Si la France est le pays le plus attractif pour le groupe aujourd’hui, Assystem est aussi présent sur de nombreux projets à l’étranger. C’est le cas du Royaume-Uni, engagé dans la construction d’EPR et l’étude de SMR (Small Modular Reactors) et d’autres pays en Europe et au Moyen-Orient. Le groupe se positionne tactiquement dans certains pays porteurs comme l’Inde qu’il pénètre grâce à ses activités d’ingénierie d’infrastructures.

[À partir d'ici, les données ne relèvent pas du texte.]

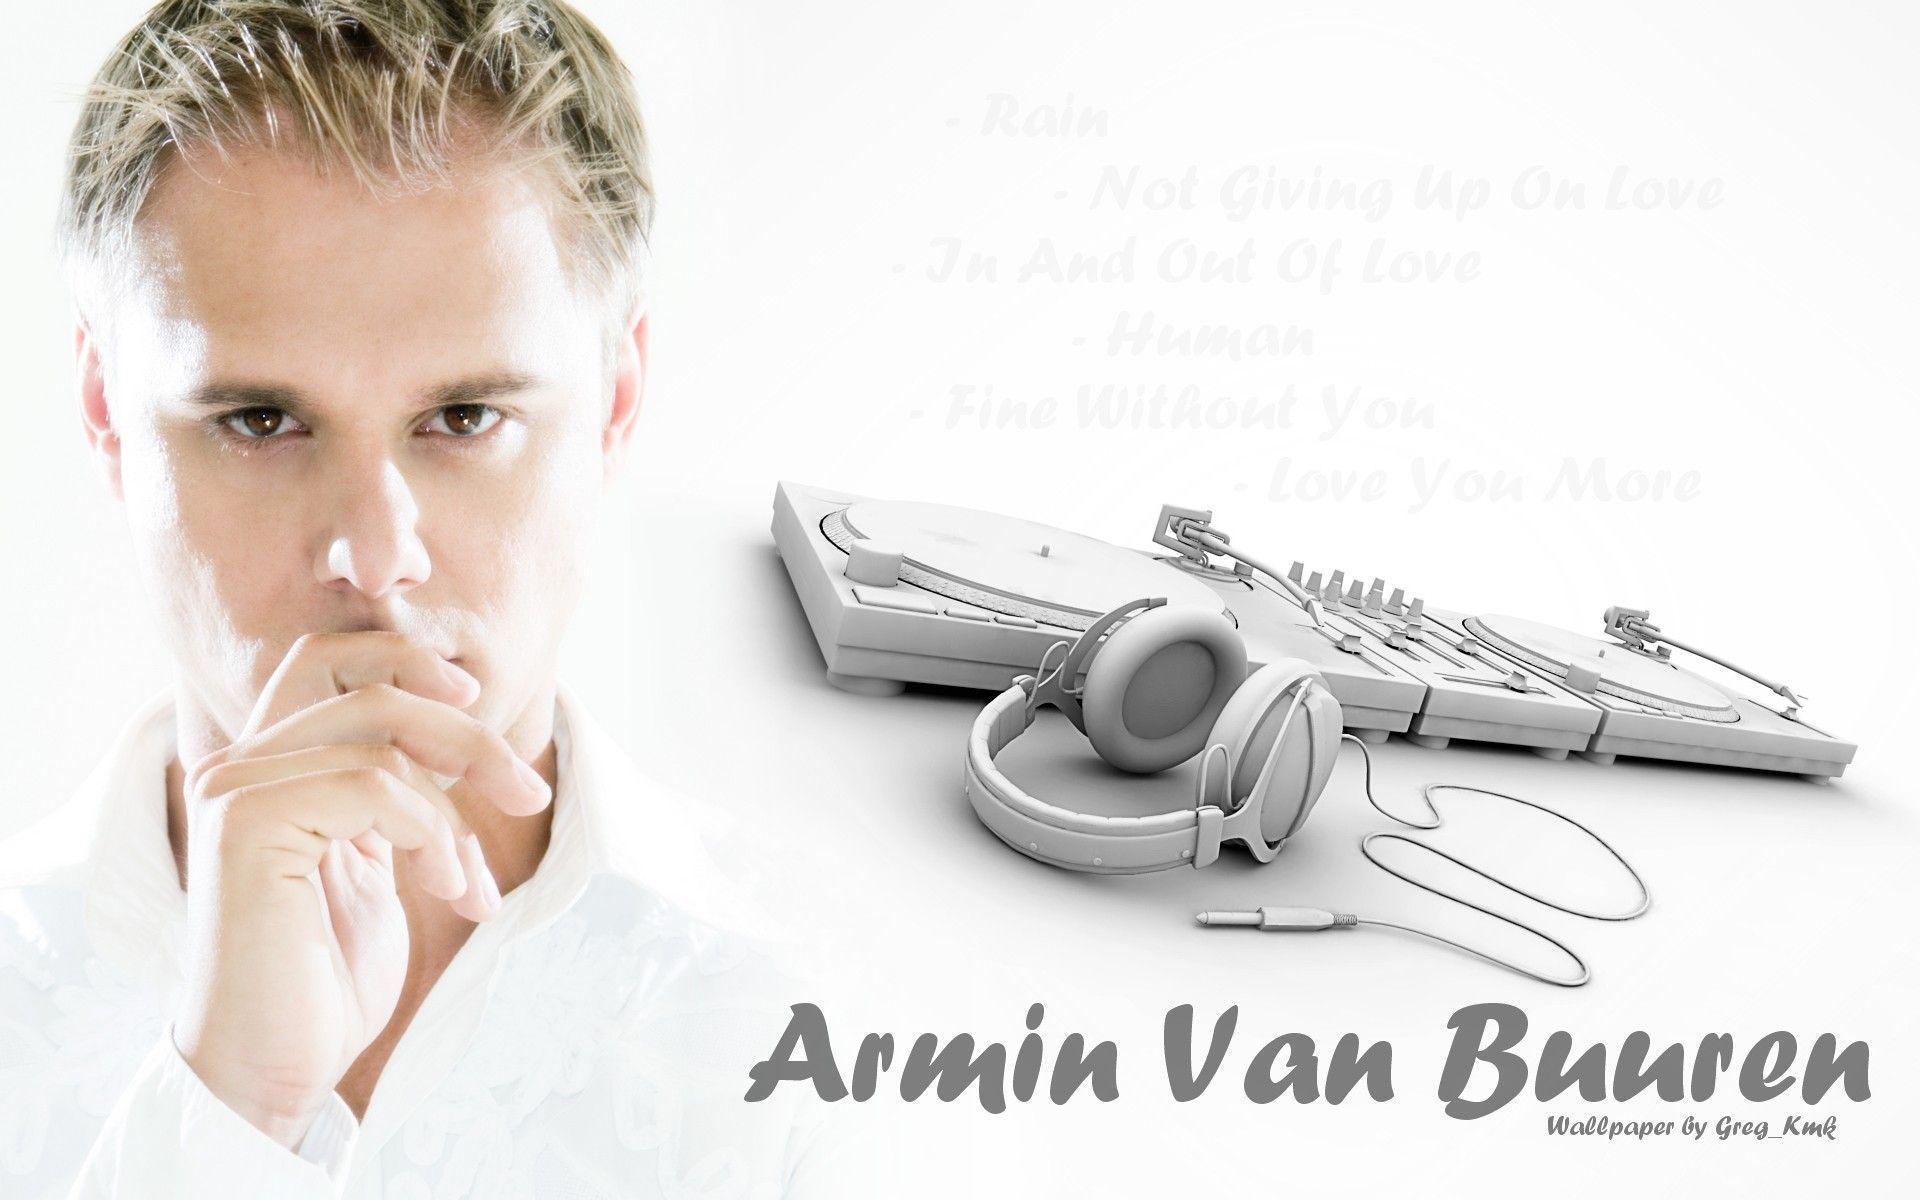 Armin Van Buuren Wallpaper (Wallpaper 1 2 Of 2)

Les perspectives d’Assystem sont portées par le dynamisme du nucléaire. A moyen terme, l’activité devrait être tirée par les projets de nouvelles constructions avant d’atteindre un plateau qui devrait être très élevé entre 2035 et 2050. Si la marge opérationnelle d’activité atteignait 6,6% en 2021, elle devrait progresser grâce à la croissance de l’activité dans les années futures. La vision de long terme inhérente et nécessaire dans l’industrie nucléaire devrait permettre à Assystem de disposer d’une forte visibilité, particulièrement appréciée chez Gay-Lussac Gestion.